Coming up Roses

I’m in a bit of a funk about our city right now, but still mid-June is glorious nearly everywhere in New England, and Salem is no exception: it’s time to celebrate the roses, and the lushness all around us. Roses are spilling under and over fences all over town, whether they are wooden picket, wrought iron, or chain-link. We have passed through the period of the peony and the rhododendron (not a fan of either–too lush) into that of roses, lady’s mantle, and mountain laurel. I wish I could keep the roses going in my own garden, but they seldom put on such a flagrant display after June: they just spurt, and it doesn’t matter how much Neem oil I spray on them, their leaves always turn yellow.

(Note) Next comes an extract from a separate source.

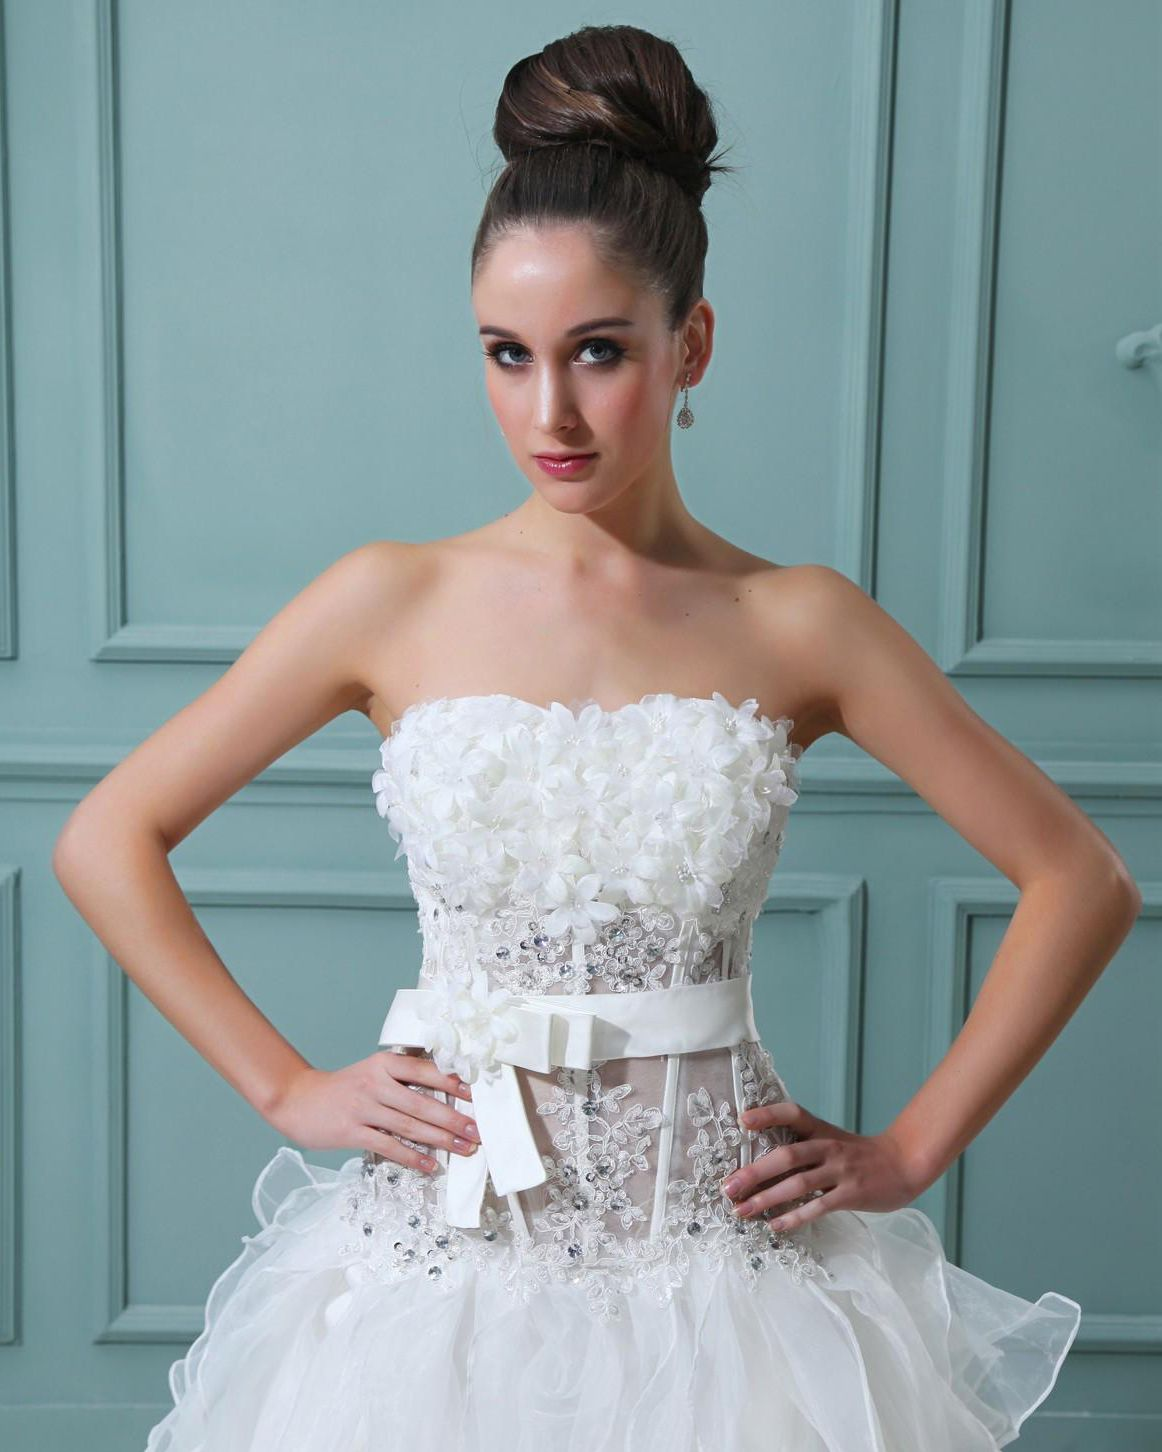 Ruffle+Strapless+Short+Bridal+Gown+Wedding+Dress++A-line%5c ...

But they look good now! Here is this year’s crop, followed by some of my favorite roses around town. Rose bushes are difficult to photograph: the one just below my collage, which is on the fence of the Phillips House on Chestnut Street, is actually more lavender than pink.

Roses collage

Roses 24

Roses Fence 2

Roses Cambridge

Roses Ropes

There are several of the old Rosa Gallica, or “apothecary’s rose” shrubs in the colonial garden behind Salem Maritime’s Derby House, and I also saw some in the garden of the Munroe Tavern in Lexington as I was driving by last week. I would love one, but I’d kill it. I was scouting out the site of the new archival center that the Lexington Historical Society is building adjacent to the Tavern: now I’m jealous of both Lexington’s old roses and the imminent accessibility of its archives!

Roses Lex 2

Roses Lexington

Roses Monroe

Back in Salem and in my garden, the lady’s mantle is peaking, as is the rue (which lasts for most of the summer–a truly marvelous herb), and I found some beautiful variegated catmint for a new border: the cats walk right by it so I don’t think it’s a particularly potent variety. I also put in some masterwort (astrantia) plants along the border of the shade garden: their flowers look like little jeweled brooches and I hope they keep appearing all summer long.

Roses Ladys Mantle

Roses Rue

Roses Catmint

Roses Trinity

RosesSalem and Lexington flowering, June 2018.

5 responses to “Coming up Roses

  • az1407t

    I love the apricot colored rose at the top center of your collage. I never saw a rose that color before.

  • daseger

    Thanks! All my roses are from David Austin–I think this one is “Pat Austin”.

  • Pearl

    Why are you in funk right now about Salem?

    • daseger

      Well, this Phillips Library issue weighs very heavy on me. The Peabody Essex Museum has removed it to a vast “Collections Center” in Rowley, about 40 minutes to the north. The Library’s collections include the majority of Salem’s historical records so I’m now living in an archive-less city. Even more depressing, I think, is the fact that the city’s elected officials and “booster” organizations didn’t even put up a fight. Salem identifies as “Historic Salem” so this is very confusing and disappointing to me.

  • artandarchitecturemainly

    The massive appearance of flowers and fruits tell us that winter is over and the earth is joyous again. The joy is intensified by the rich colours and scents.